• [DATASET EXTRACT]:
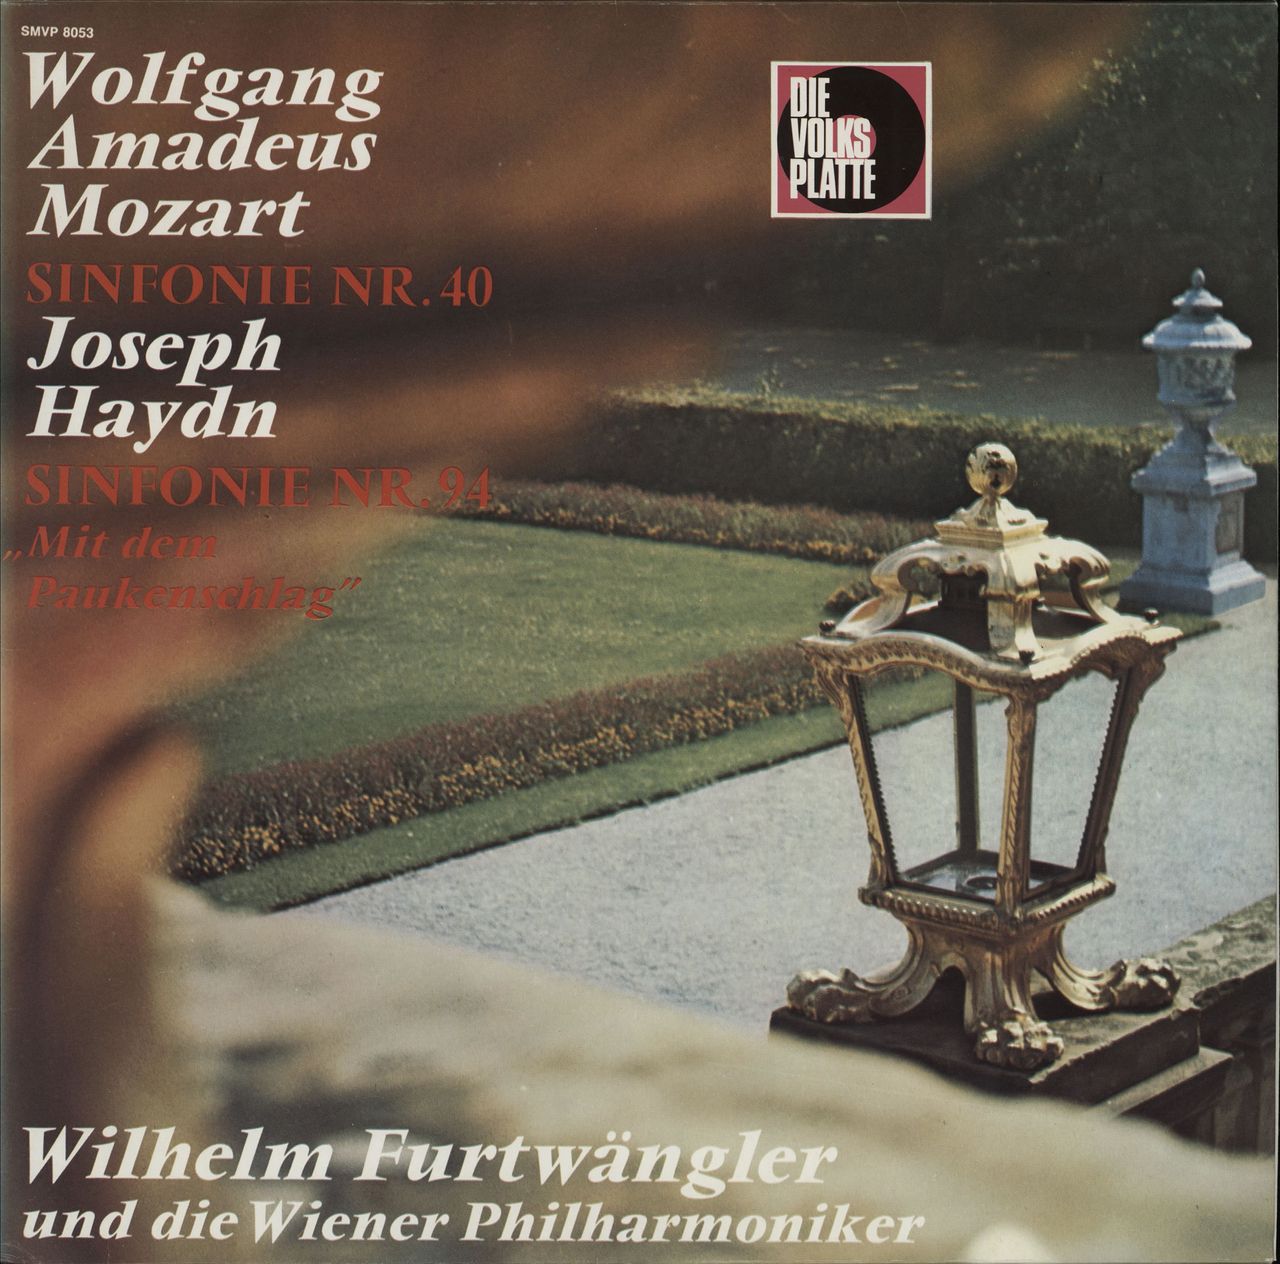 Vienna Philharmonic Orchestra Mozart: Sinfonie Nr. 40 / Haydn: Sinfonie Nr. 94 "Mit Dem Paukenschlag" German vinyl LP album (LP record) SMVP8053
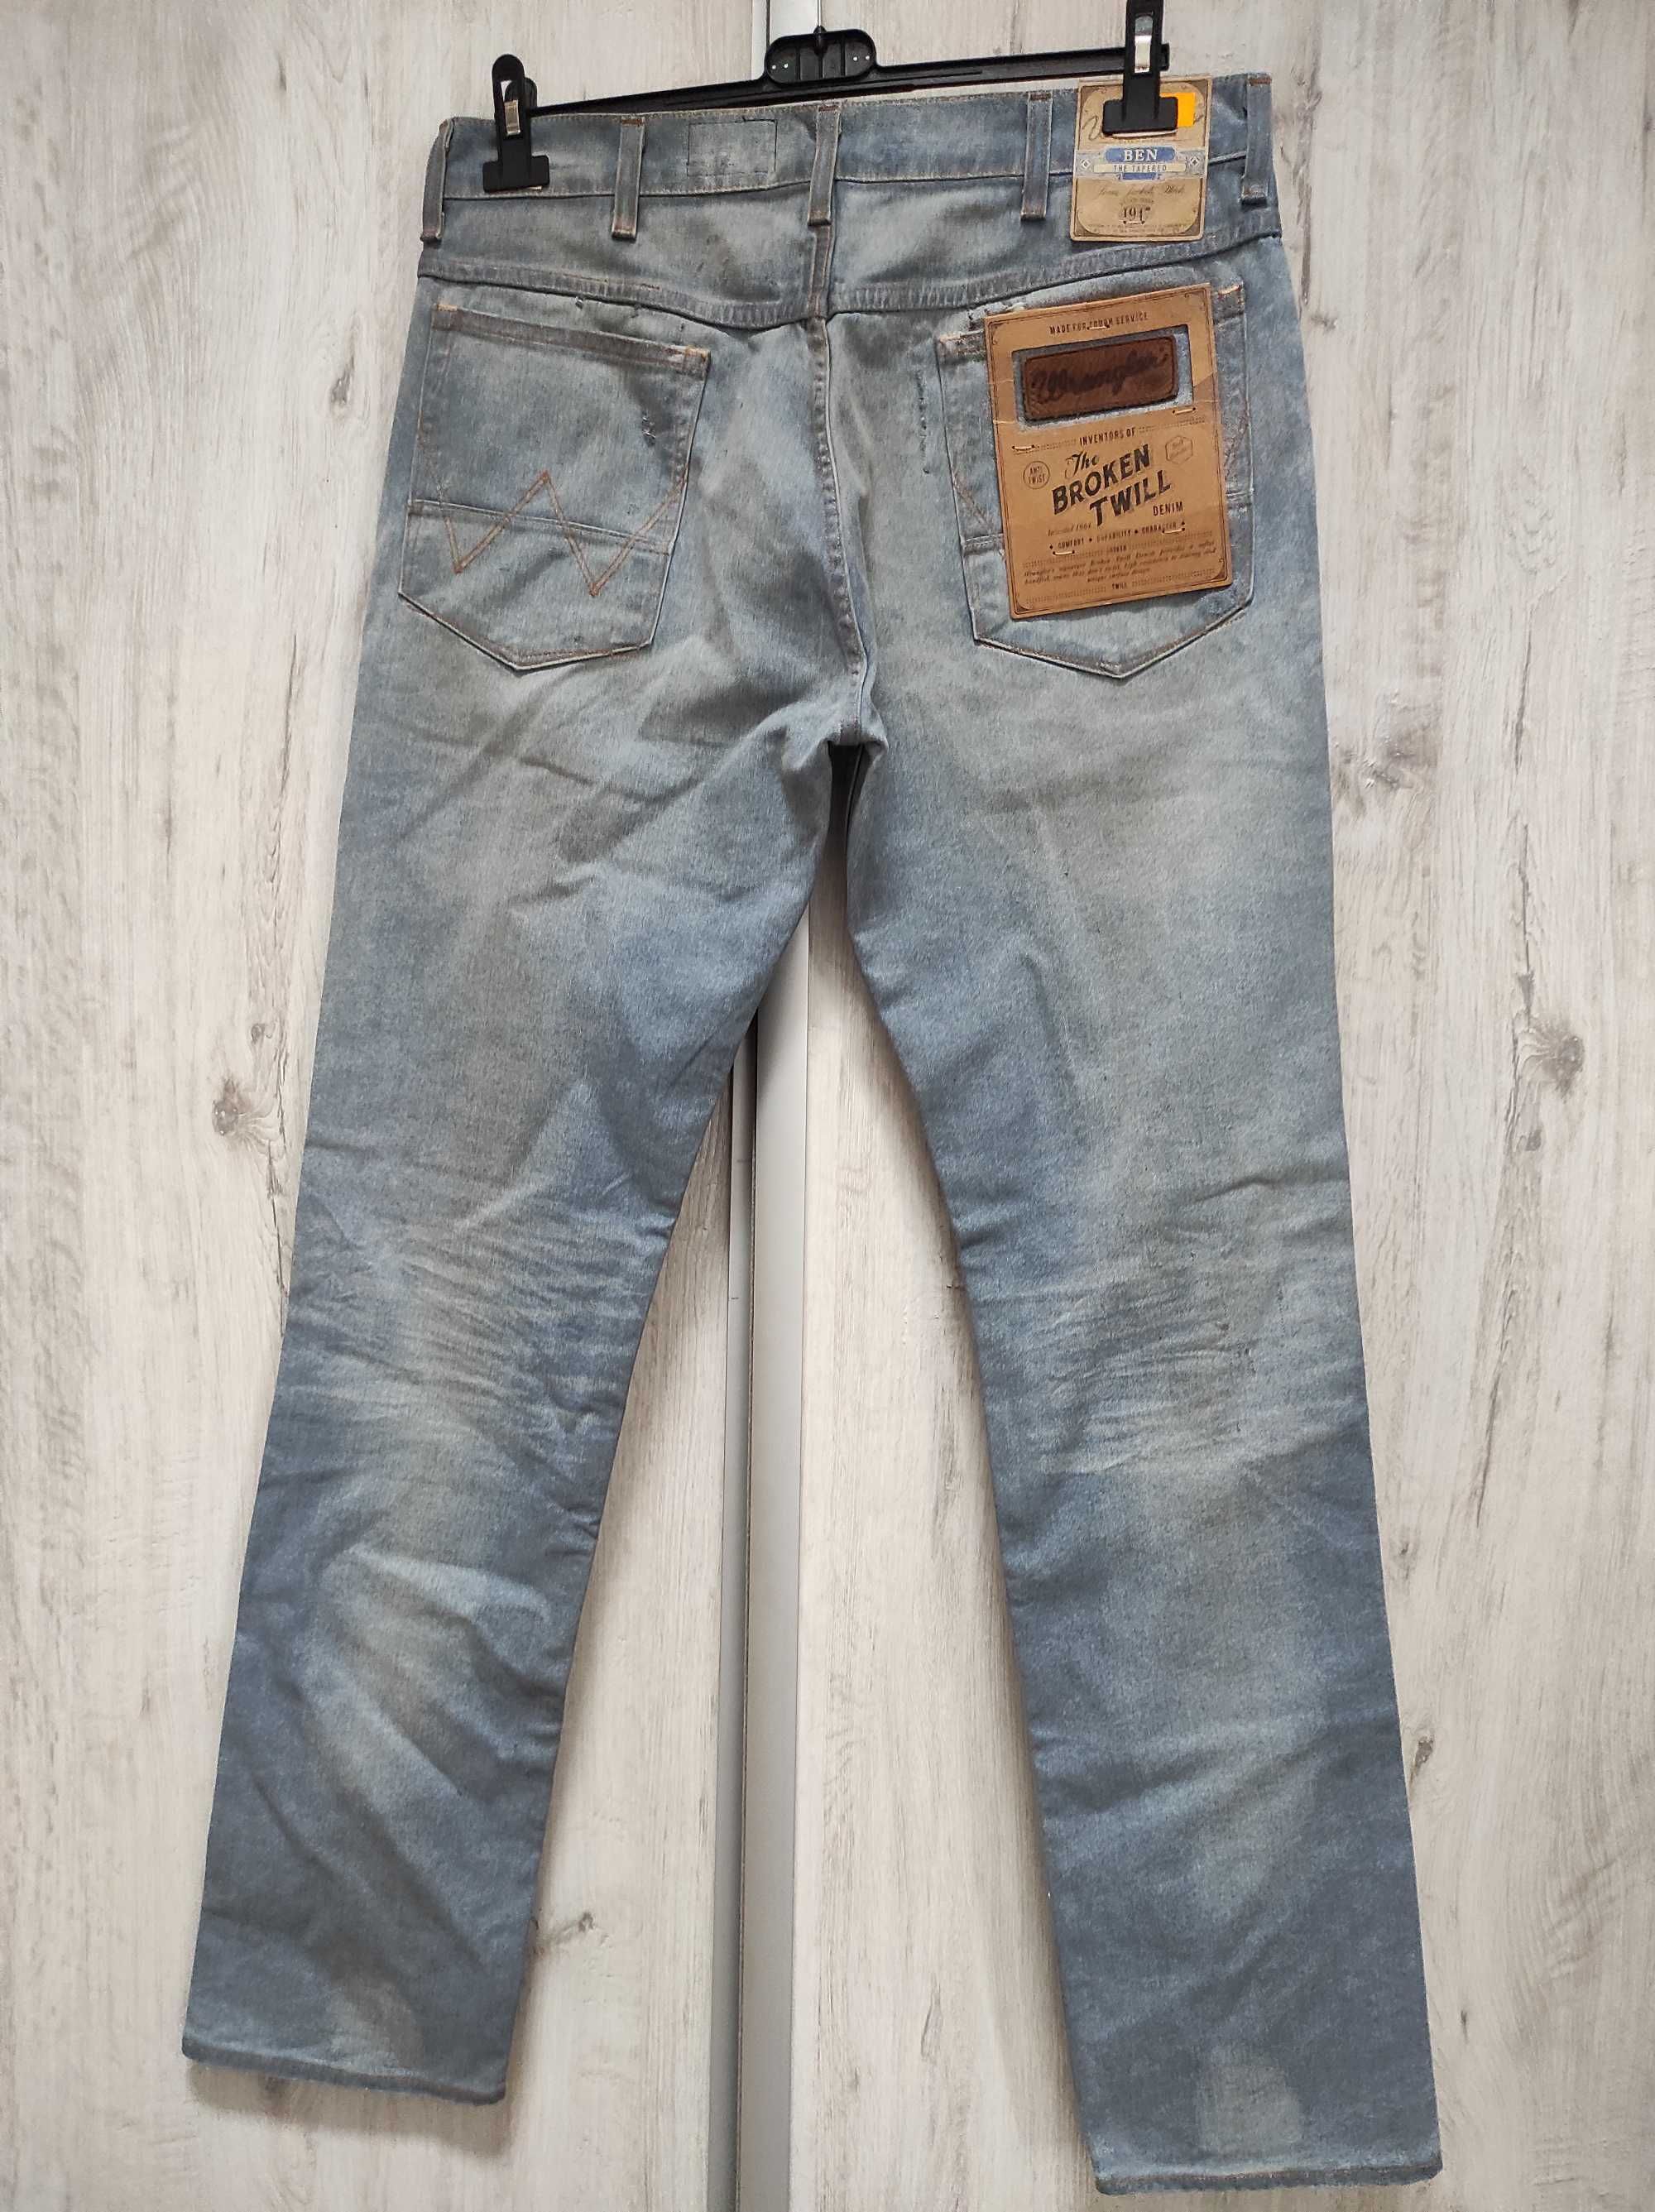 Spodnie Męskie Dżinsowe Jeansowe WRANGLER BEN Rozmiar W32 L34
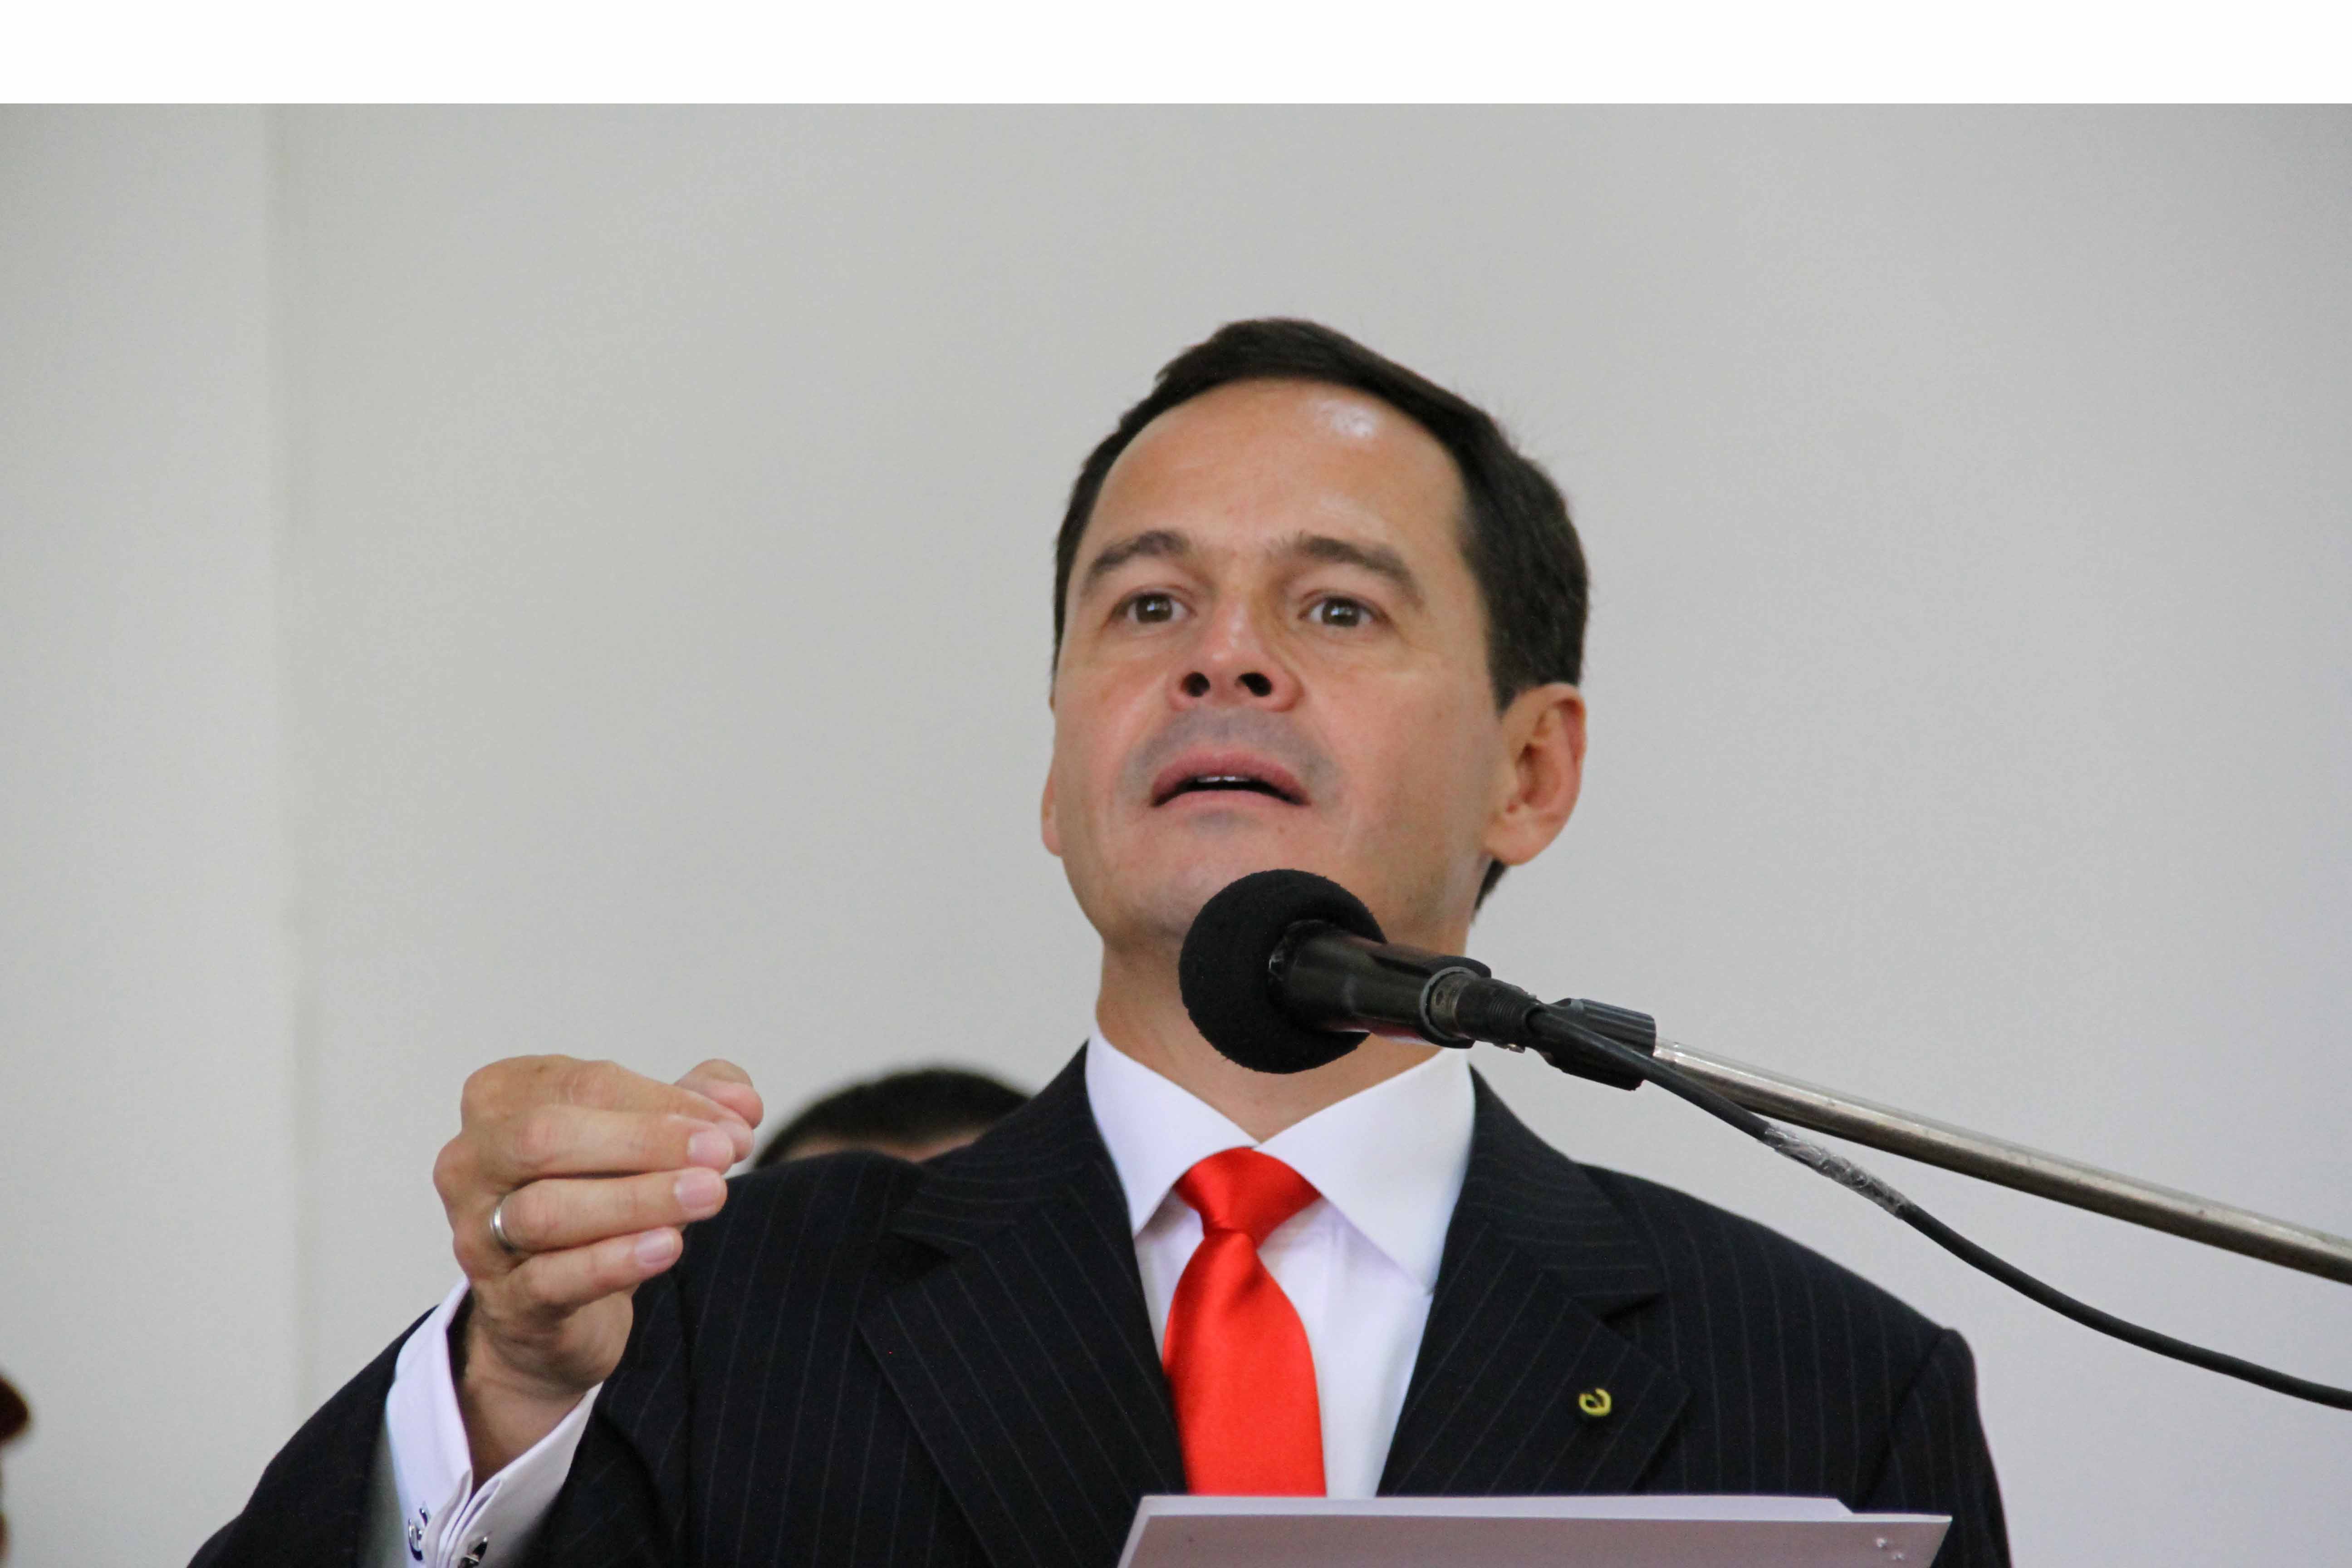 El Gobernador del estado Táchira anunció que este lunes iniciarán las conversaciones para realizar este procedimiento respetando las leyes

• [GOAL OF THE EXERCISE]: Your answer should set down the listing verbatim and leave out its images.

• [RESPONSE BELOW]:
 Vienna Philharmonic Orchestra Mozart: Sinfonie Nr. 40 / Haydn: Sinfonie Nr. 94 "Mit Dem Paukenschlag" German vinyl LP album (LP record) SMVP8053
 Spodnie Męskie Dżinsowe Jeansowe WRANGLER BEN Rozmiar W32 L34
 El Gobernador del estado Táchira anunció que este lunes iniciarán las conversaciones para realizar este procedimiento respetando las leyes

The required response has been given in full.